Celui que nous avions perçu au premier contact comme un homme « beaucoup plus adapté et socialisé que la plupart des autres résidents de ce lieu », se présente en fin de compte telle « l’épave » qu’il redoutait de devenir, ayant perdu son apparence « propre et présentable ». Si des éléments décalés du discours apparaissent dès les premières réponses, ce n’est qu’avec les notions de santé et de relation interpersonnelle que la réalité de la chute et de l’abandon se profilent, dans les mots qui ne peuvent plus circonscrire l’affect, puis dans la mise en scène de la honte.

Dans le cas de Monsieur D, l’étonnement vient de la barrière défensive pseudo-névrotique organisée en apparence, mais qui s’effondre de manière catastrophique lorsqu’il met en route un travail associatif.
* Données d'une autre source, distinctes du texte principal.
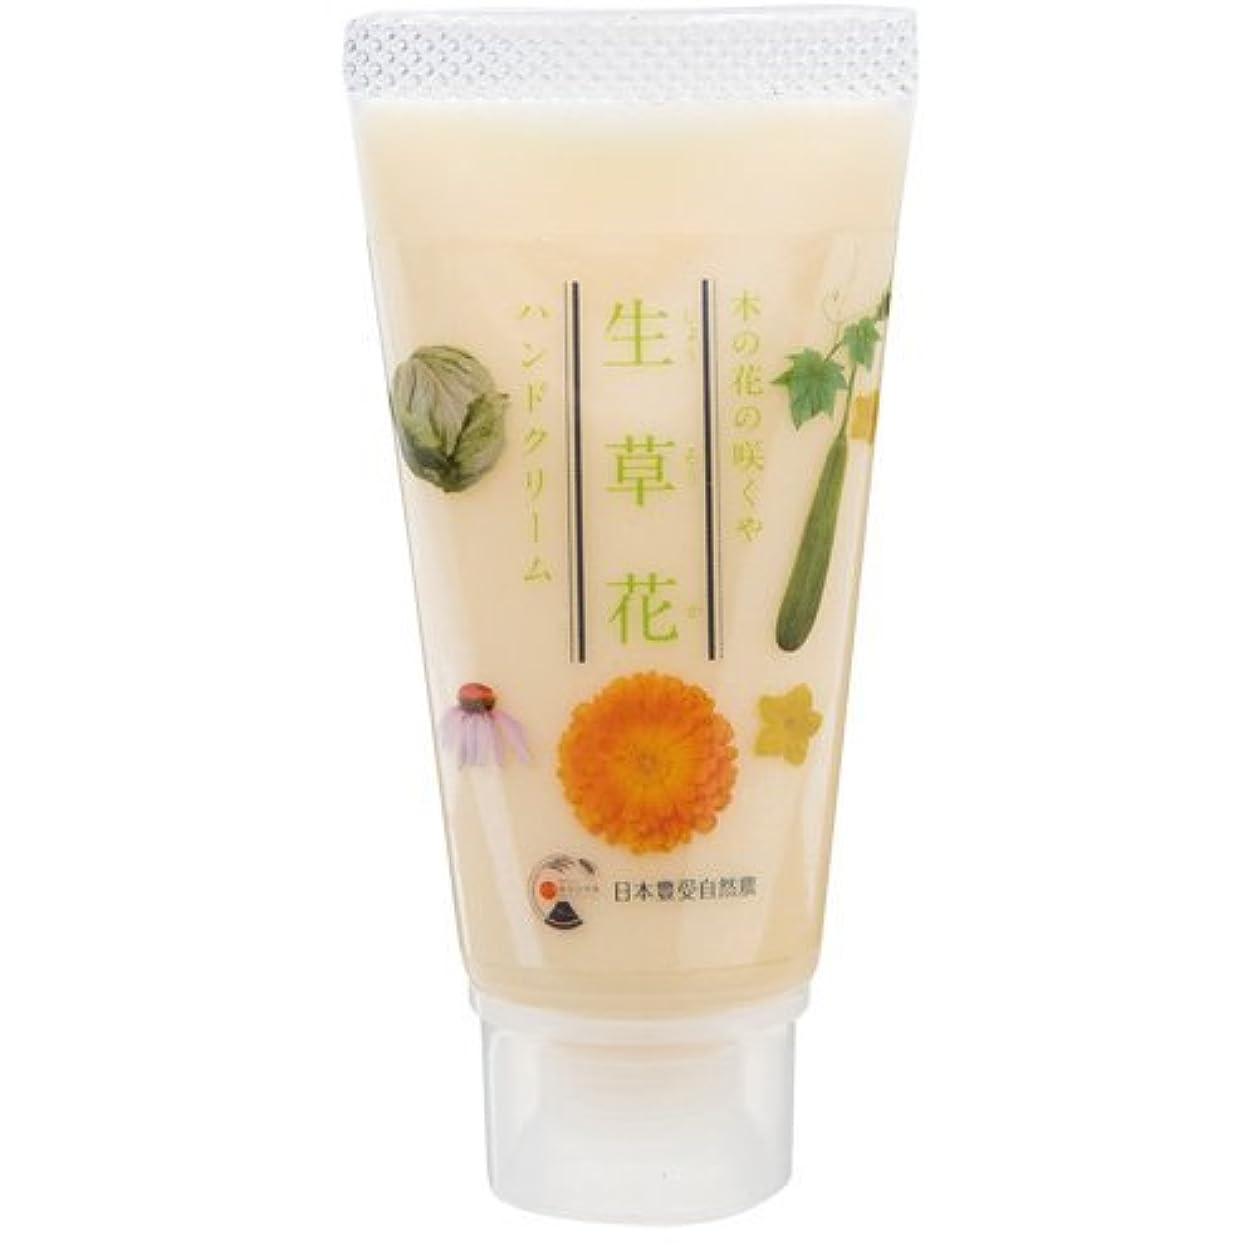 チーフ用心する日本豊受自然農 木の花の咲くや 生草花 ハンドクリーム 30g

La méfiance initiale, sûrement efficace pour éloigner les «indifférents», est progressivement quittée au fil de la relation attentive qui lui est offerte. Le sujet devient alors beaucoup plus vulnérable, laissant émerger une quantité d’affects jusque là déniés. Nous nous sommes demandé, considérant son passage à l’acte ultime, si l’entretien n’avait pas pu représenter un analogon de l’empiétement, métaphore à la fois du meurtre et de la survie psychiques.